• [Task data]:
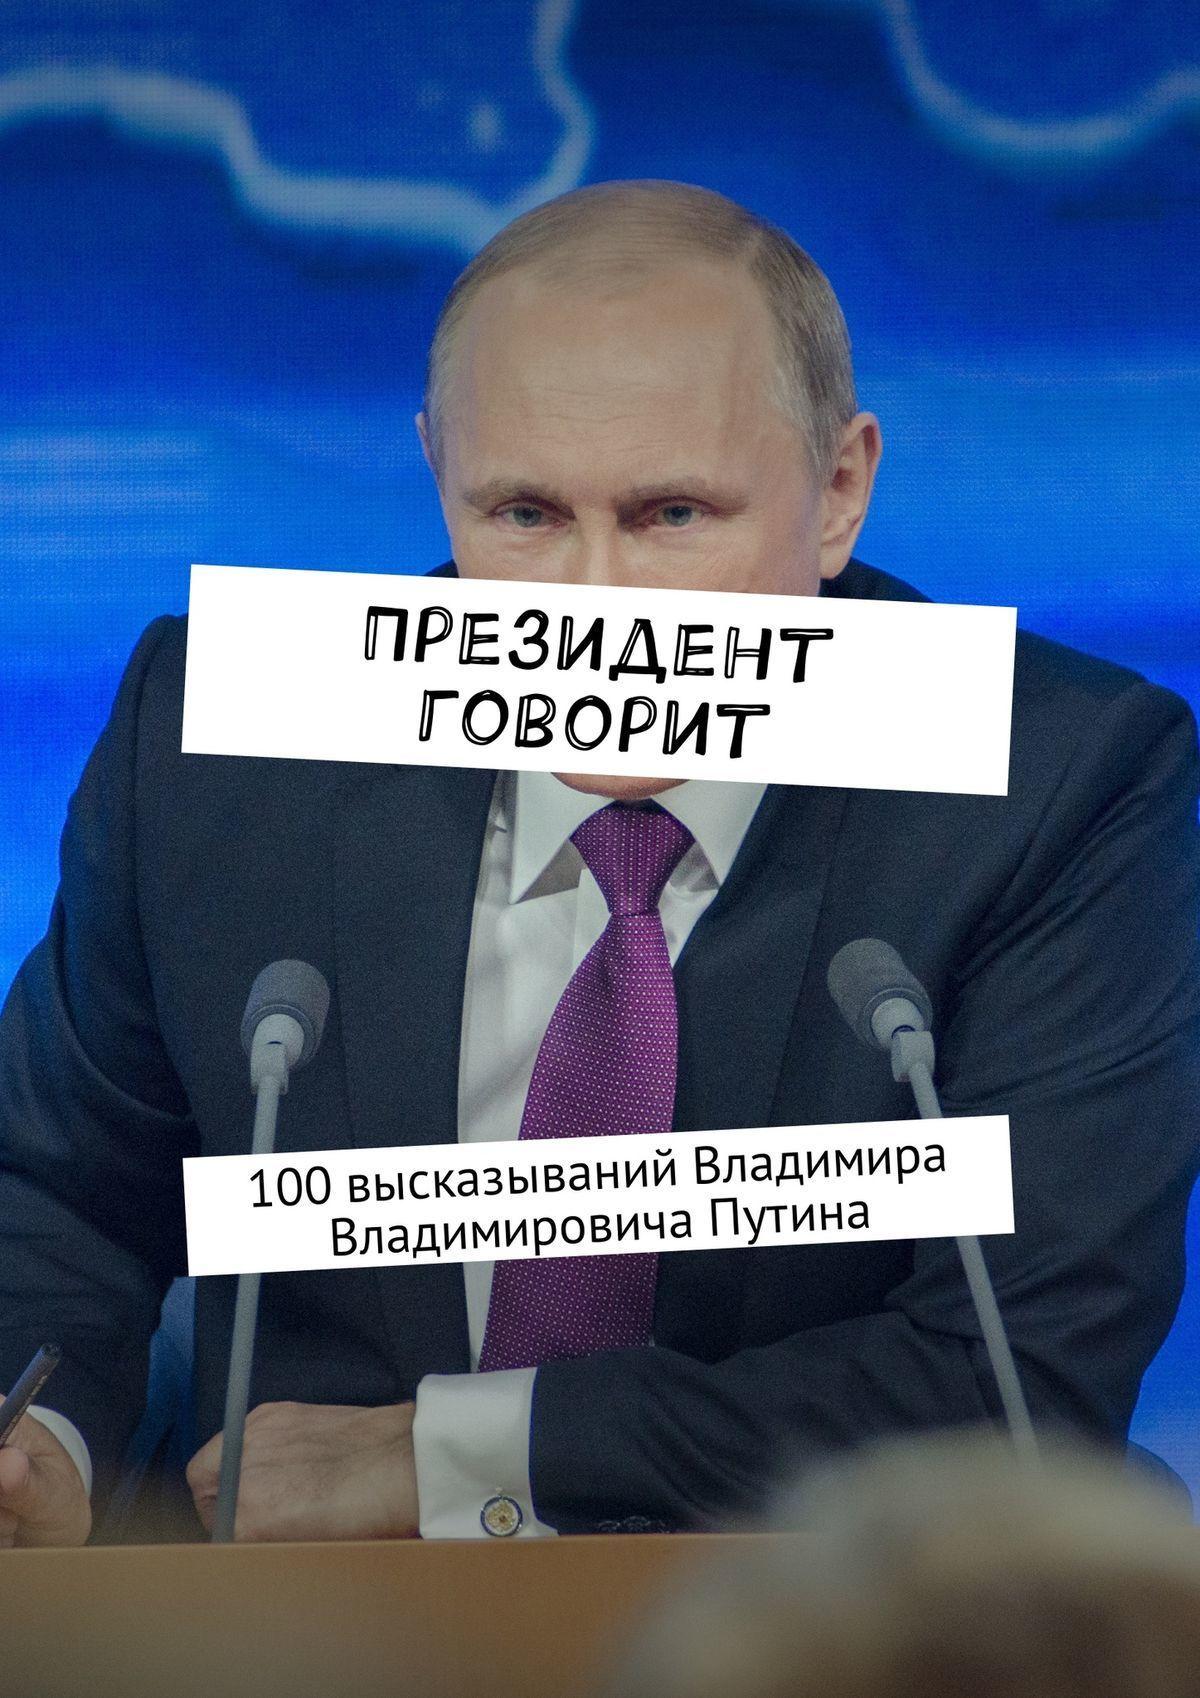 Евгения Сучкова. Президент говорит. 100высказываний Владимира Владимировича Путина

...

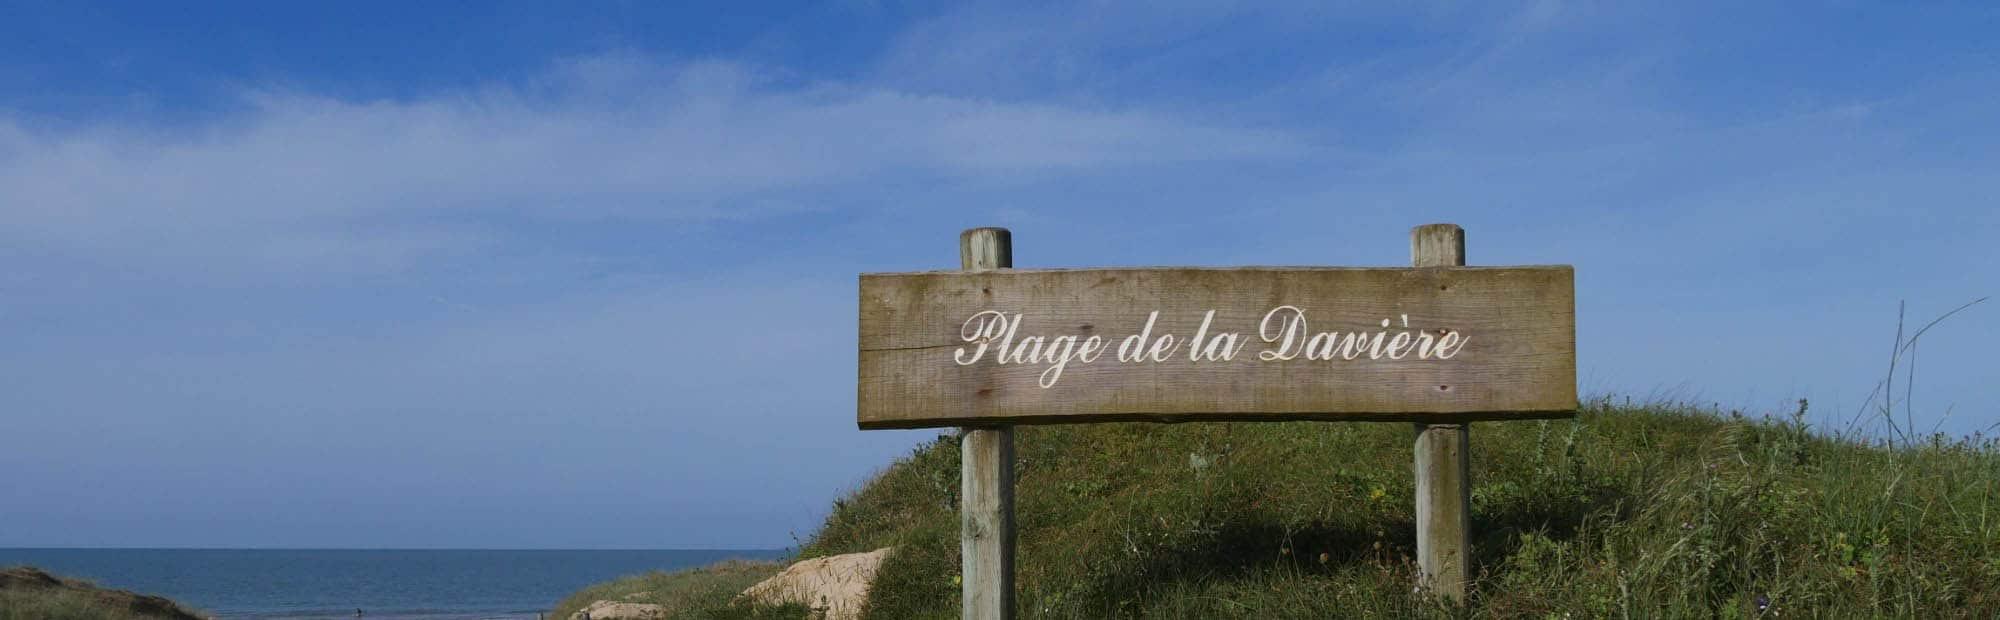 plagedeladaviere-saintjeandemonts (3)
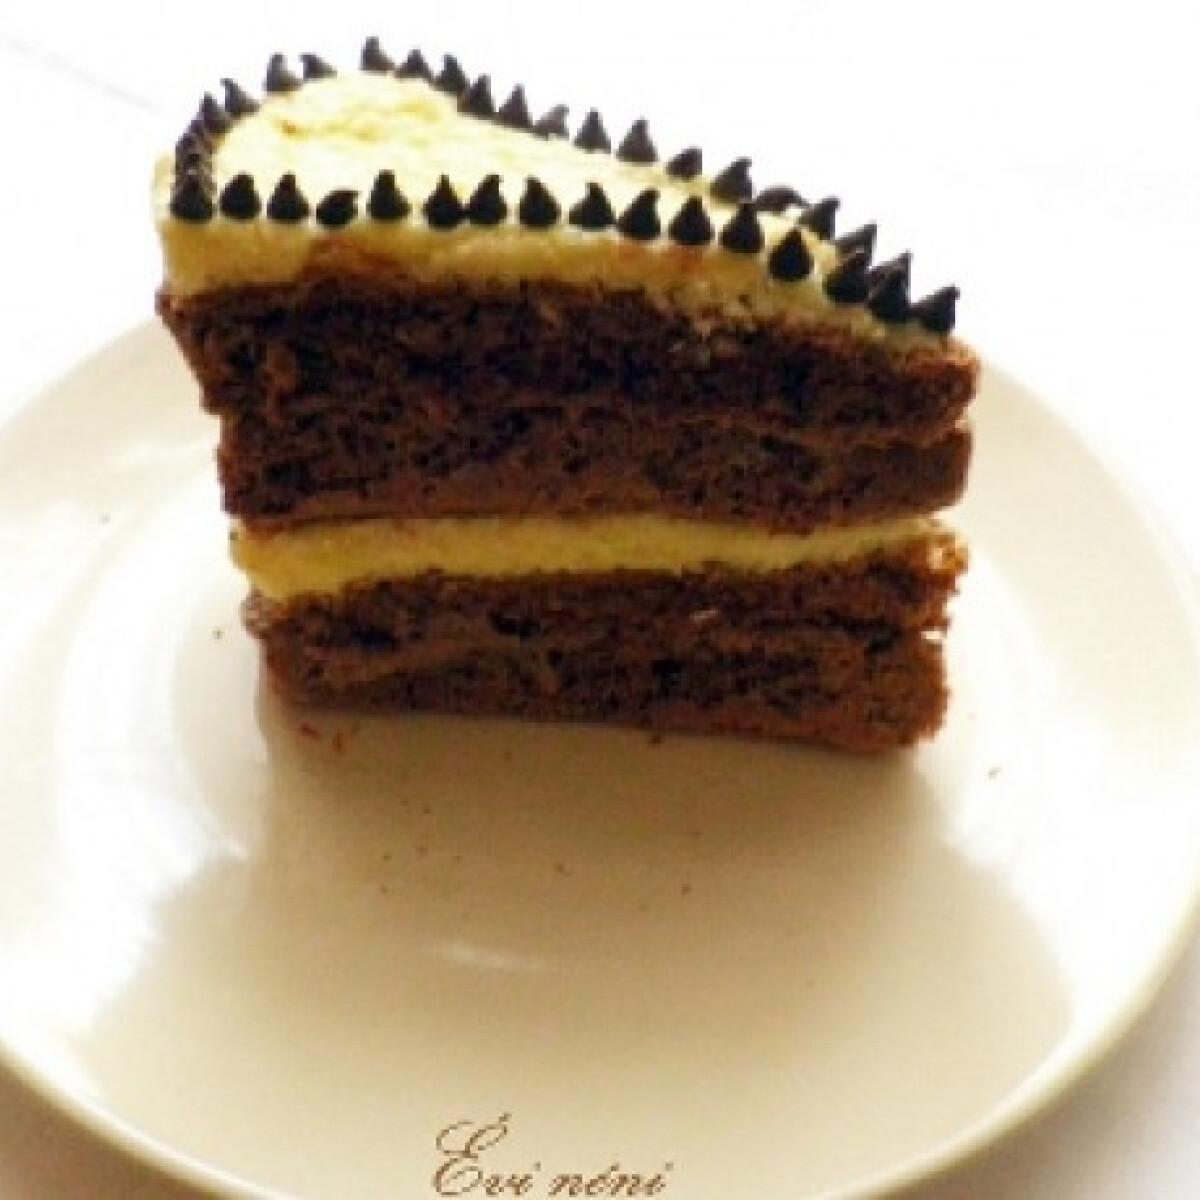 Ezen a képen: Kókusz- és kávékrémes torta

• [About this task]: What is needed is an exact copy of the lines above, from the one holding "plagedeladaviere-saintjeandemonts (3)" down to the one holding "Ezen a képen: Kókusz- és kávékrémes torta", with those two included and the pictures left out.

• [Your solution]:
 plagedeladaviere-saintjeandemonts (3)
 Ezen a képen: Kókusz- és kávékrémes torta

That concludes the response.